2015 marks the 21st year of the EUNIS Congress, affording a timely opportunity to reflect on the range of issues addressed and to provide biographical summaries of topics presented, based on details extracted from available Congress programmes and other historical information sources.
The actual and projected work of the ERAI, through EJHEIT and the Congress, in analysis and dissemination of synopses of contributors’ presentations is outlined. Complementing this information are some general findings from analysis of the accumulated abstract summaries from around 2000 authors from 41 countries provide over 1200 papers since the beginning of this century.
The contexts of “continuing professional development” (CPD) and of “what makes a good Chief Information Officer (CIO)” are qualitatively explored through an analysis of the available data.

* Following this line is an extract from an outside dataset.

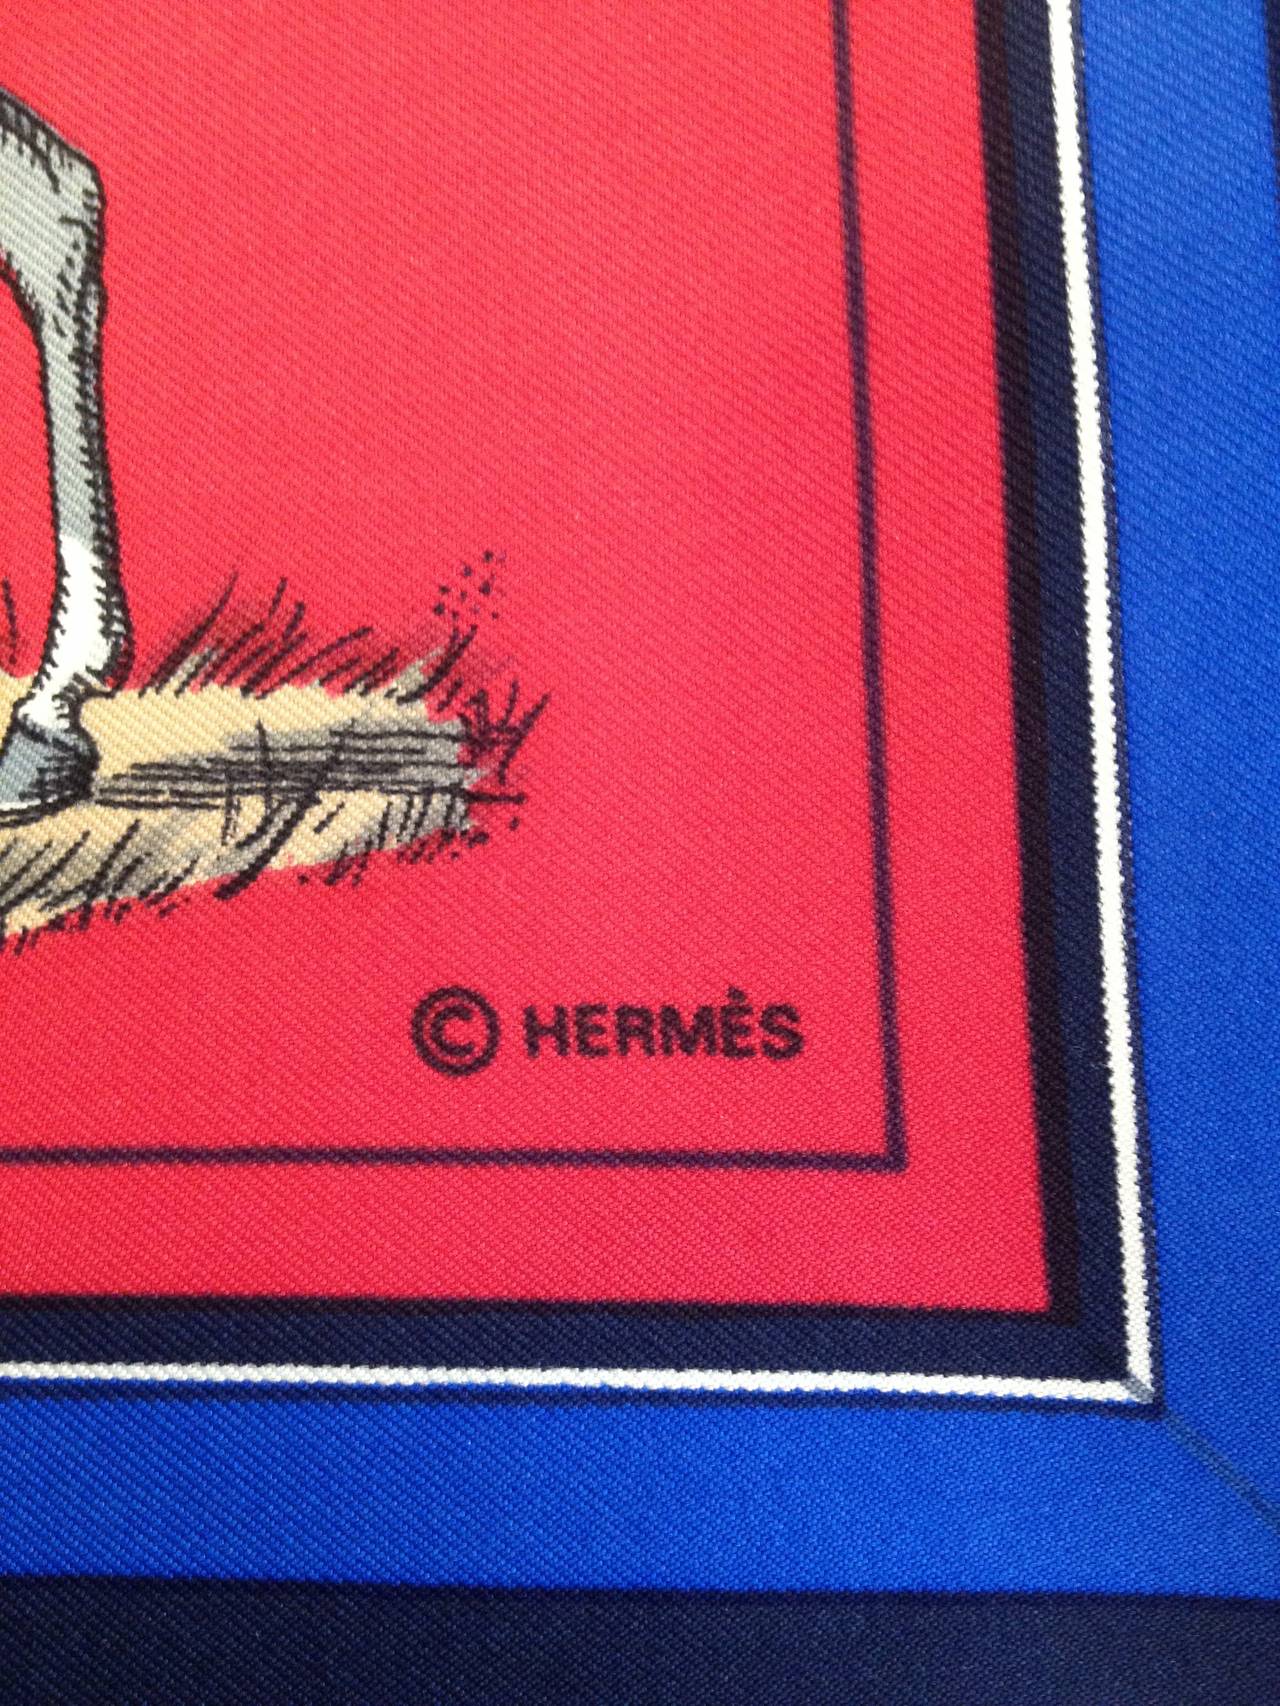 Women's Hermes Couvertures et Tenues de Jour Scarf

EUNIS’ objective has a focus on senior IT professionals; on communications and social networking. Gartner research (2010) suggests “achievement through, by and with people”; “collaborative working”; “ability to inspire people both inside and outside their organization” as some key success factors for a successful CIO. “Focusing on leadership and people skills – the ‘soft’ things … is in fact the biggest determinate of their success, or failure.” This statement, whilst set in an organizational context has wider relevance with EUNIS’ various initiatives playing an important role.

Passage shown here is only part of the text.